A Novel Approach for Efficient Submission of Research Data to the National Database for Autism Research (NDAR)

dataset

posted on 2015-08-17, 17:30 authored by Julie HawthorneJulie Hawthorne, Philip Langthorne, Frank J. Farach, David Voccola, Charles Tirrell, Leon Rozenblit

Researchers seeking to share their data with coordinating centers such as the National Database for Autism Research (NDAR), face numerous barriers to establishing new connections and maintaining existing ones.

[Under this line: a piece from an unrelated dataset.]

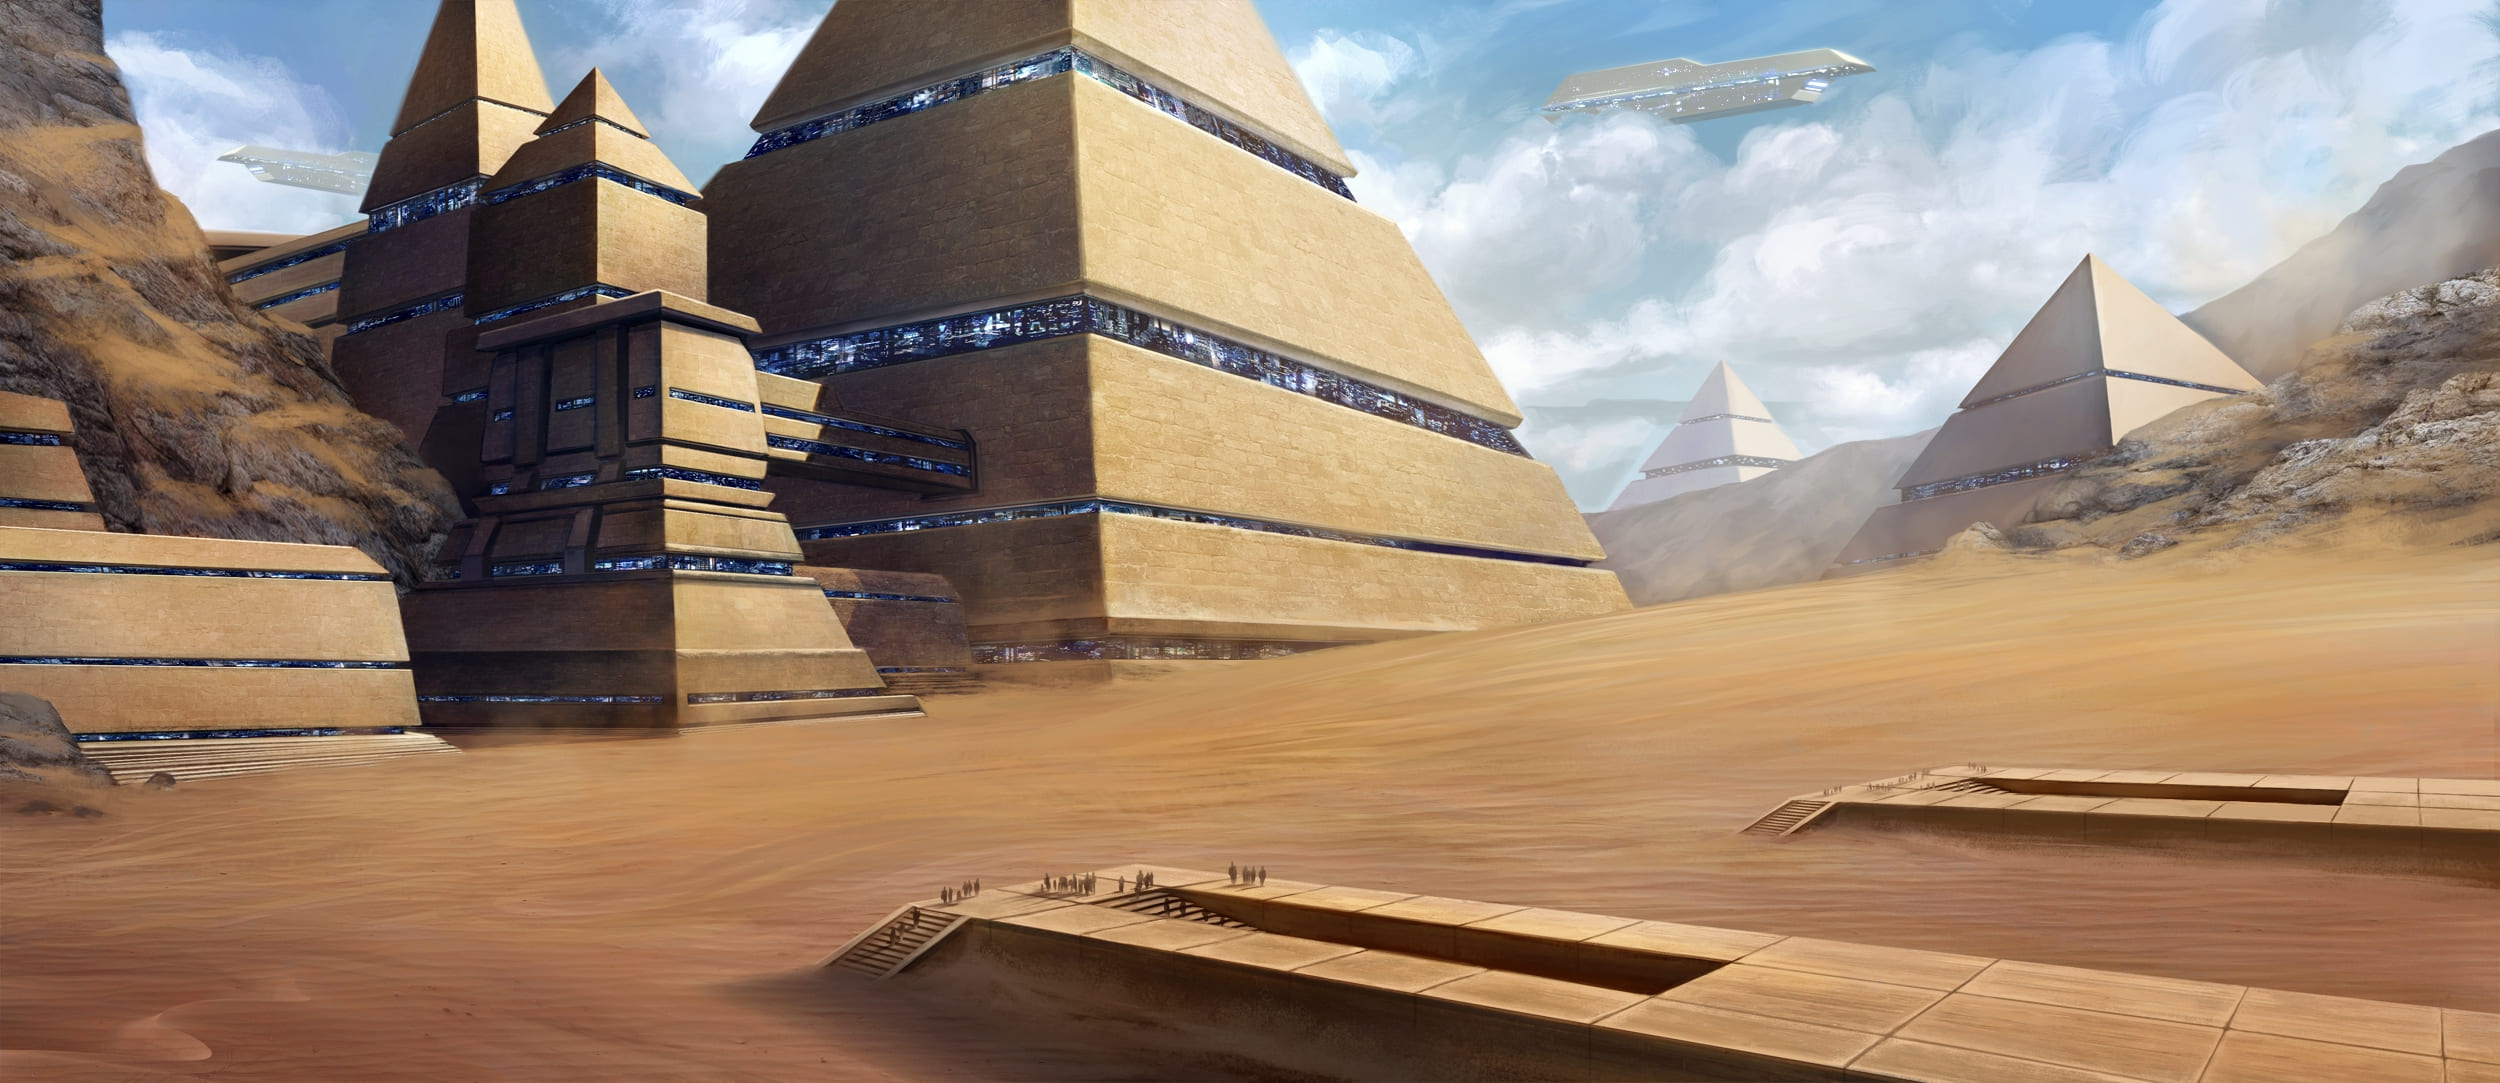 Пирамида Хабы и недостроенная пирамида Бака остатки цивилизации предков

We sought to dramatically reduce the time and money required to establish and maintain the interoperability of data between research centers, by establishing a process where manual recoding of data is replaced by data sharing instructions in the form of extraction and transformation scripts. Over the course of seven typical (20-60 subjects, 400-1000 fields each) data submissions to NDAR, the need for duplication, retranscription, or restructuring of the source data was fully eliminated. Separating the extraction and transformation scripts from data files also eradicated the impact of additional data collection on the time required to repeat successful transmissions. Revision controlled management of these scripts also provided a new benefit: traceability of the transformation process itself. Now, point-in-time retrieval of extraction scripts and explanations for modifications to the data sharing interface are possible. This method has proven to be successful and efficient for interfacing research data with NDAR. It presents little-to-no impact to transmitting investigators’ data, ensures high data integrity, trivializes the complexities of repeatedly modifying a growing dataset over time, and introduces traceability to the collaborative process of integrating two collections of data with one another.